Obsessive Delusional Heterodoxy Disorder (ODHD)

Most people have an aptitude for teamwork and instinctively know when constructive discussion and even new ideas are both welcome and socially advantageous. But some are not so fortunate. They live in a state of paranoid fear and dismiss conventional wisdom on most issues, often leading to obsessional interest in erudite subjects, sympathising with tyrants, downplaying atrocities and inventing absurd conspiracy theories. In synthesis they turn reality on its head, never believing anything emanating from respected mainstream sources.

Some delusional obsessions may be quite innocent, e.g. a woman from Philadelphia, Pennsylvania, is convinced that all modern ailments are caused by a ubiquitous sugar substitute. On her weekly grocery shop she methodically reads the labels of every single product she buys and occasionally complains if a new sweetener has been added to a product she likes. Her delusion may cause her some anxiety, she may be denied the benefits of sugarfree sweeteners, but by and large her life is still viable.

Since September 2001 until a recent course of psychiatric treatment, Boston software developer, Ed Munchen, had been convinced Aliens from the planet Domu remote-controlled airliners into the World Trade Center to fool the United States into an unwinnable war against terrorism and prime the planet for an Alien takeover. He dedicated his life's savings and 100% of his time to his impressive web site complete with edited footage of the attacks and interviews with green twelve-fingered extraterrestrials.

However, some delusions are not that innocent. Ed's second cousin, Nick Simpson, now living in Portland Oregon, still believes the Holocaust was invented by Jews as a propaganda tool in their quest for global dominance. His views cause considerable offence to millions whose relatives perished in the Shoah. Like his East Coast counterpart he dedicates much of his time to Internet activism, often lampooning and insulting those who believe in the best-documented genocide of the last century.
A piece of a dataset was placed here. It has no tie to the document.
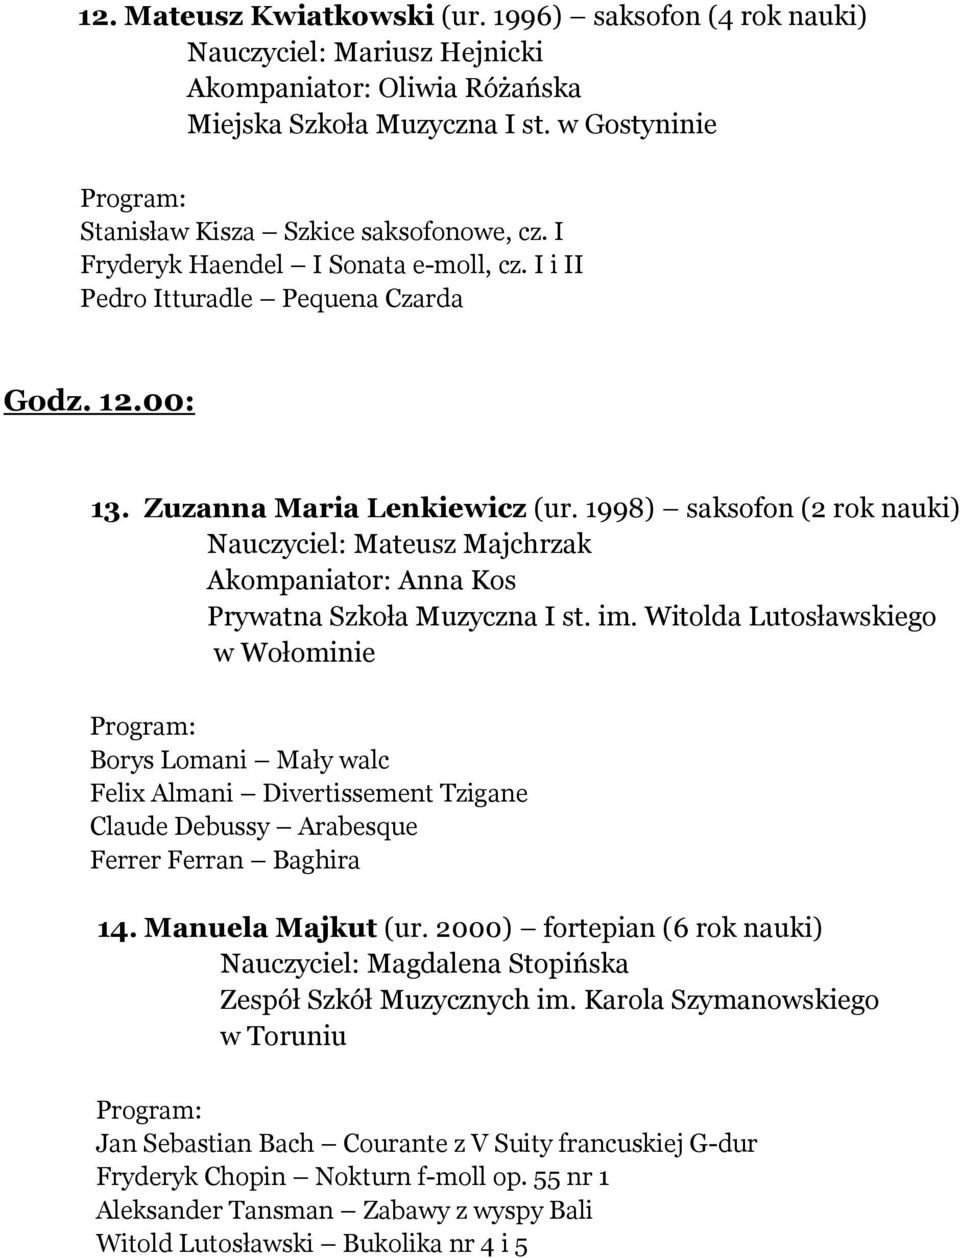 1998) saksofon (2 rok nauki) Nauczyciel: Mateusz Majchrzak Akompaniator: Anna Kos Prywatna Szkoła Muzyczna I st. im.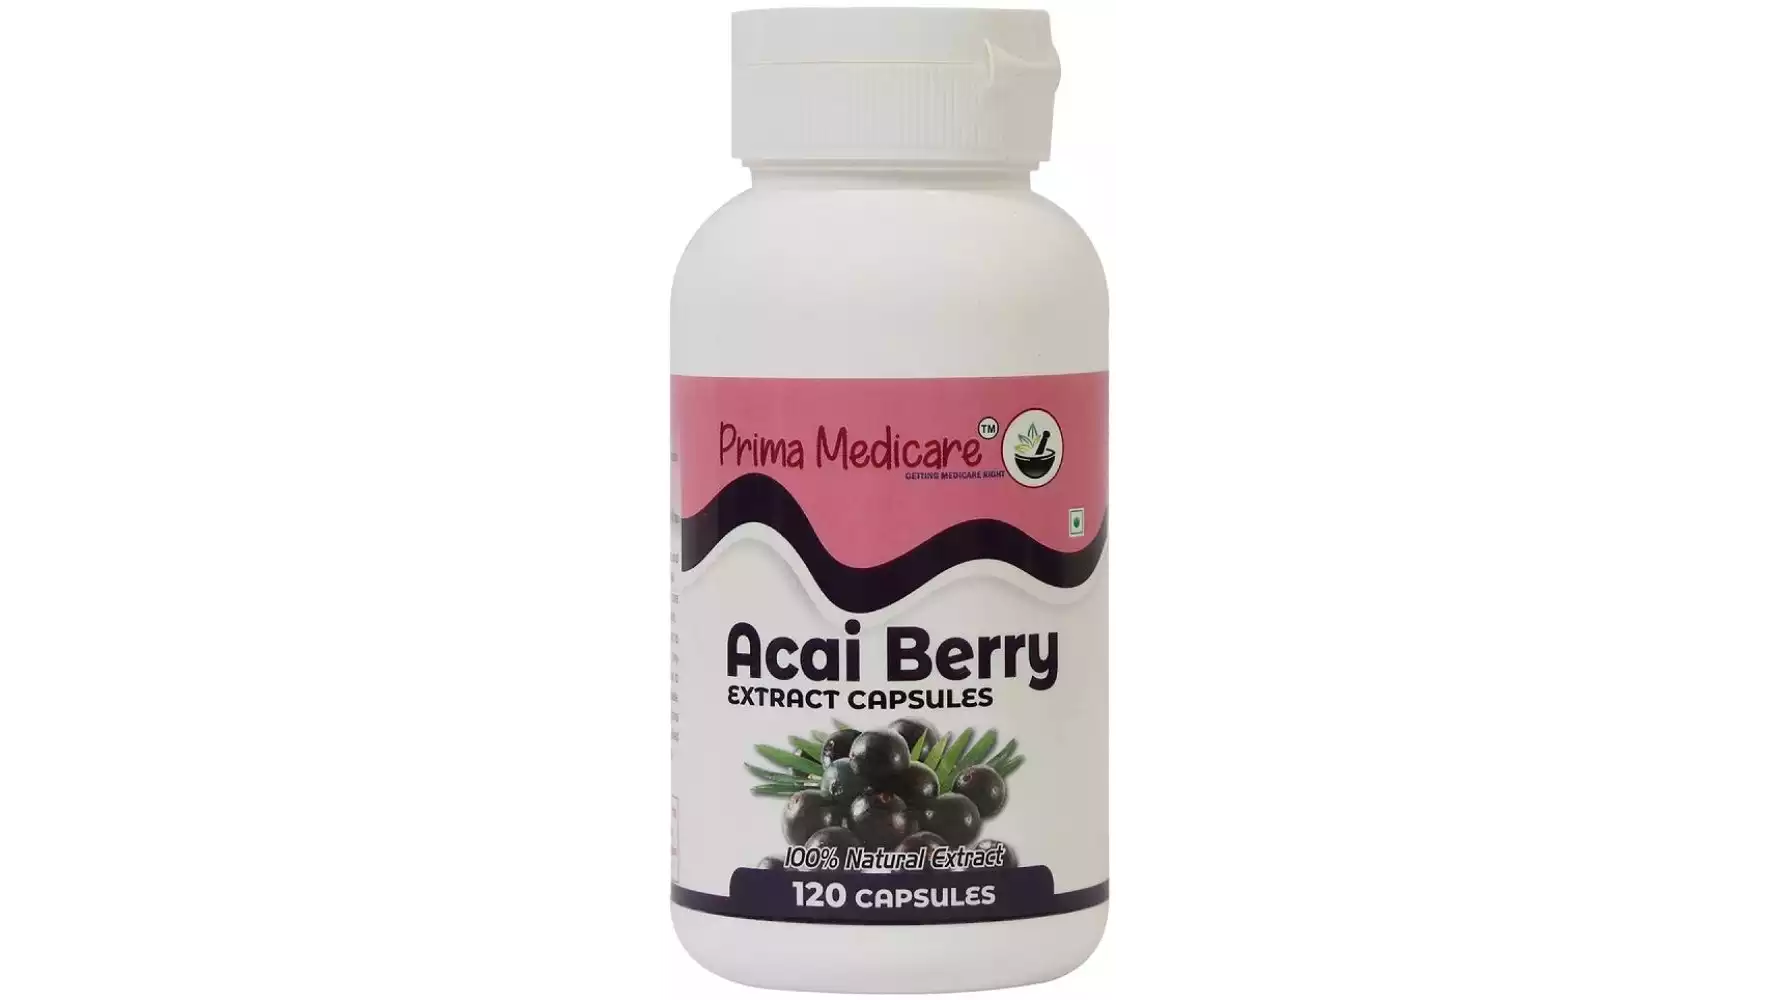 Prima Medicare Acai Berry Extract Capsules (120caps)

In many European countries, Nick's views and actions might put him behind bars. Over here he is protected by the first amendment, but that doesn't make him any less a threat to our fragile democracy. University of Wisconsin Neuroscientist, Hillary Redburn, has analysed over 200 patients with a variety of obsessional delusions. "Until recently", she said, "we might have branded these people political hotheads, extremists or fanatics, but now we know they have a genetic predisposition to heterodoxy, a pathological tendency to challenge orthodox views and systematically re-analyse evidence to prove the opposite. They probably account for around 1% of the population, though their distribution may occur in clusters. Symptoms tend to appear at an early age. At first, their delusions may seem quite innocent or even healthy. Nick, the Portland-based Holocaust denier, spoilt the family Christmas at the age of 4 because he kept telling his grandfather that Santa Claus was just a myth perpetrated by grown-ups to keep children quiet. He may have been right in that case but his proclivity to challenge everything led him into deeper trouble at school. He would interrupt physics lessons to explain why he thought the big bang was just a wild creationist theory and claim in English lit lessons that Shakespeare did not pen his own works, but would always play devil's advocate in the school debating society."

Psychologists have long wondered why some of us are more conformist and others more rebellious, some more credulous and others less so, but should it be a problem I asked Prof. Redburn. "Yes, because most sufferers of Obsessive Delusional Heterodoxy Disorder or ODHD, lead very unhappy lives, are very prone to depression and may unleash their wacky ideas on others without any consideration for the offence they cause, e.g. a client from Illinois is convinced Walmart plan to put every American out of a job. When her 17 year old daughter returned from a shopping spree with two Walmart bags full of summer clothes she'd need for her vacation the next day, she emptied the contents into the garbage can. As a result, her daughter did not go on vacation and only recovered after professional counselling and a course of SSRIs.

ODHD sufferers believe they are on a mission to save humanity or reveal hidden truths. They like to quote George Orwell or cite the case of Galileo Galilei, but they have no idea how much offence they cause others or the consequences of the extremist views they hold."

So what should we do, I inquired. "These people need our help and support. Data from fMRI scans indicate a chemical imbalance in their frontal cortex, which overstimulates neuroreceptors responsible for critical thinking. In normal human beings, such receptors are counterbalanced by others responsible for harmony and acquiescence. We believe it is important to diagnose these individuals as early as possible. The government's mental health screening initiative offers us an excellent opportunity to help ODHD sufferers before it's too late and they turn into little Hitlers, Stalins or Saddam Husseins. Though the Illinois housewife who religiously boycotts Walmart may be on the mild end of the ODHD spectrum, her neurological profile shows surprising similarities with that of the guy who thinks Auschwitz was just a leisure complex. But with the right medication, behavioural support and tolerance training these people can become model citizens."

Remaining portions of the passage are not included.